PRWeek: Your story wasn’t based on any secret information, correct?
Kennedy: No, that’s the whole thing. This was not a secret conspiracy. This was done openly and shamelessly. Across Ohio, there were people who did everything they could to stop this.



  1. Mr. H. Fusion says:

    This discussion is also raging in the Cage Match. A good place for the inflammatory comments.

    http://cagematch.dvorak.org/index.php/topic,234.0.html

  2. faustus says:

    he should know all about campaign fraud what with his grandfather and uncle paying off the mob for votes in chicago and west virginia talk about the pot calling the kettle black…. the system is rotten to the core BOTH PARTYS!

  3. GregAllen says:

    I read the article, a couple of times, and he convinced me.

    I almost never ever believe conspiracy theories because they are so implausible. However, Kennedy claims about Ohio are totally plausible.

    It didn’t take much. All they had to do was enforce the rules very strictly at the mostly democratic precincts and go easy on the Republican ones.

    They just needed to swing the vote a few percentage and they succeeded. There were a few cases of outright fraud but, mostly, it just was simple unfairness.

  4. K Ballweg says:

    Having read the Rolling Stone article I have to admit that there are way too many instances of vote manipulation to just write it off. More coming to a polling place near you soon, by the looks of it.

    What facinates me John, it the way you structure the headline, making it sound like you are believe it’s just grandstanding by Kennedy. Coming from an admitted bit of a media whore (Will poke mac fan boys for clicks!), and someone who constantly rails about the stupidity of the current gov.com, it seems strange you would set it up with that slant.
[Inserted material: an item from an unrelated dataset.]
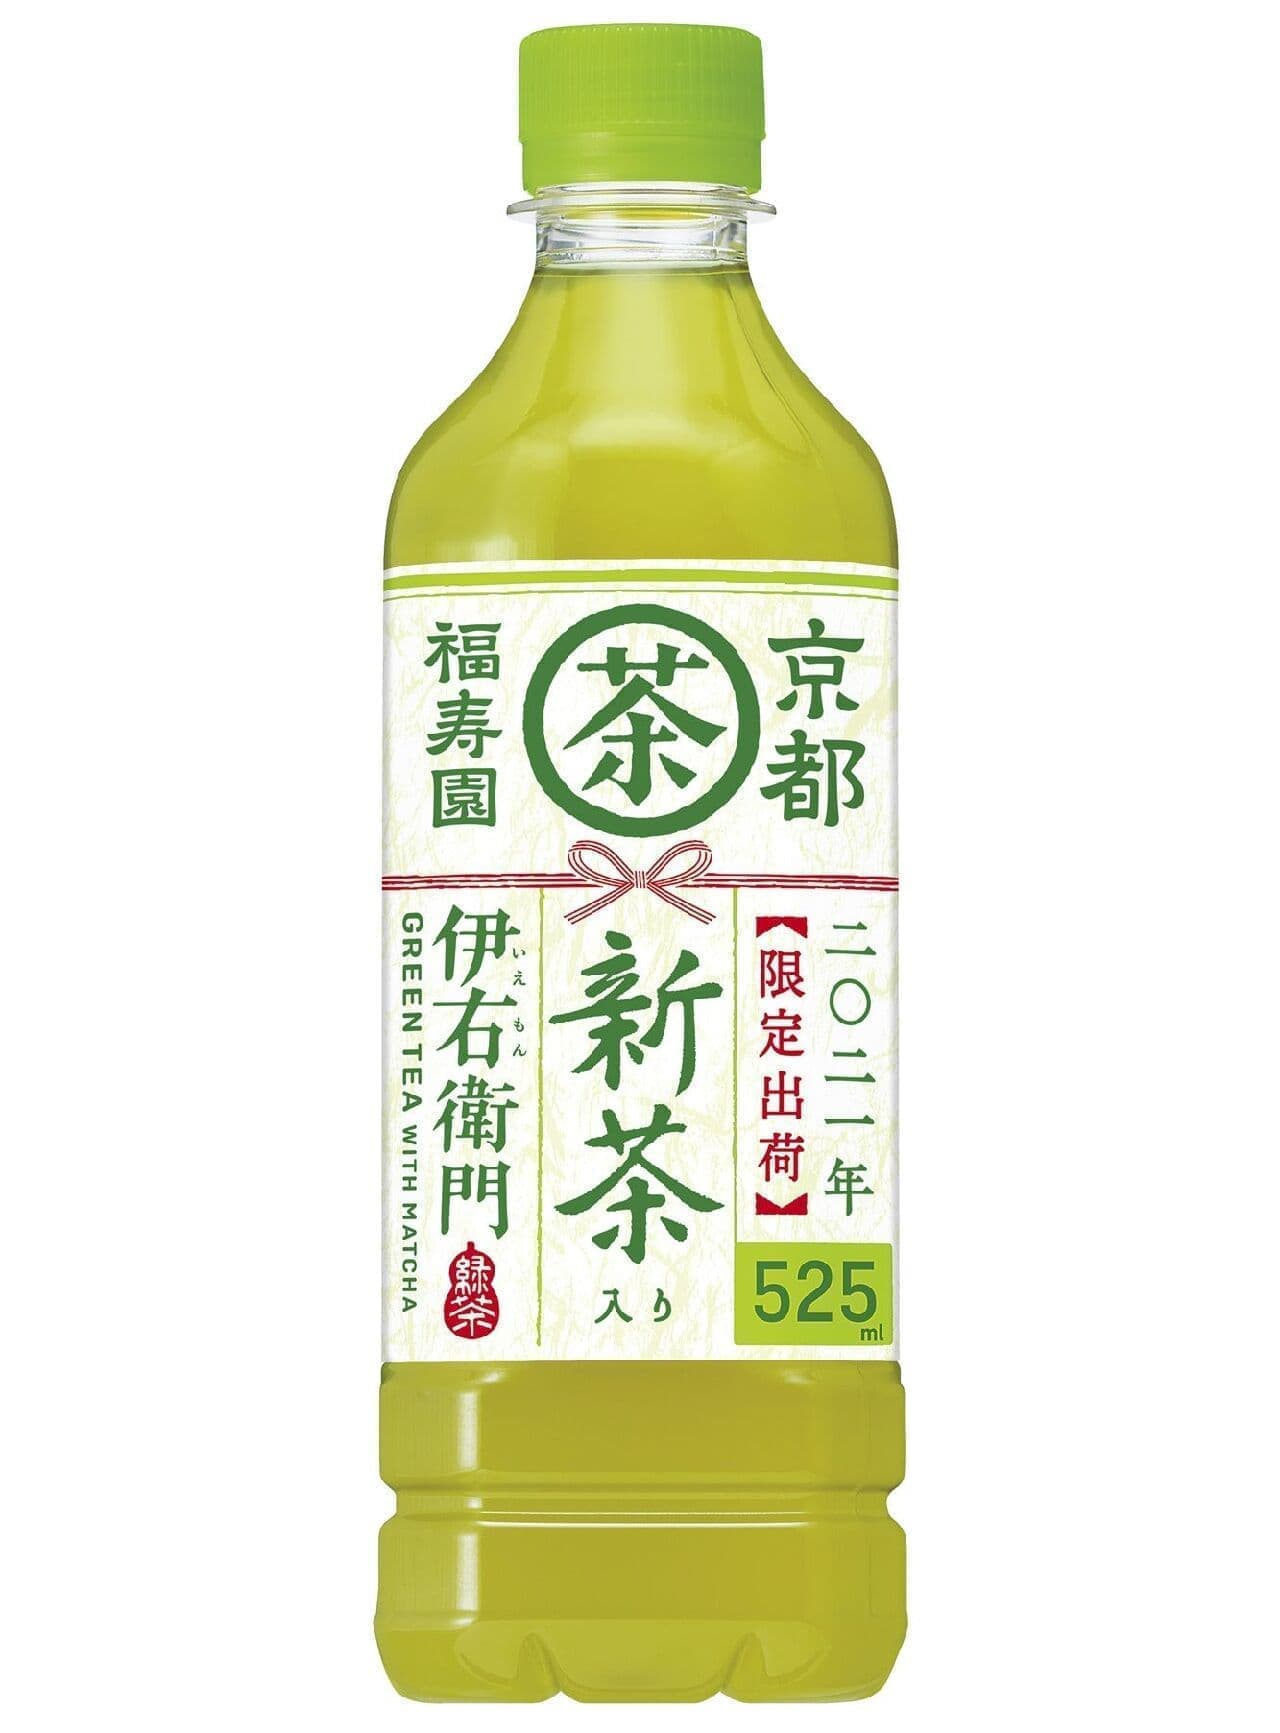 サントリー緑茶「伊右衛門 新茶入り」

    Predictable will behow many comments will dismiss it with, “Well his uncle did it in Illinois, so what’s he bitching about? The whiney LIBERAL.” And, will also bet that that response will come from the same folks who get their knickers in a twist about the need to bring Democracy to Iraq.

    I say send the troops to Cleveland where they are needed.

  5. Dylan Neild says:

    @faustus: ‘m assuming that at some point in your family history, someone related to you has broken the law in some capacity.

    As a result, your comment is irrelevant because you’re related a criminal, and I hardly think the opinion of a criminal like yourself matters.

    Next time you want to right someone off without even listening to what they have to say just because you’re biased against them for -who- they are, consider how you’d feel if it happened to you.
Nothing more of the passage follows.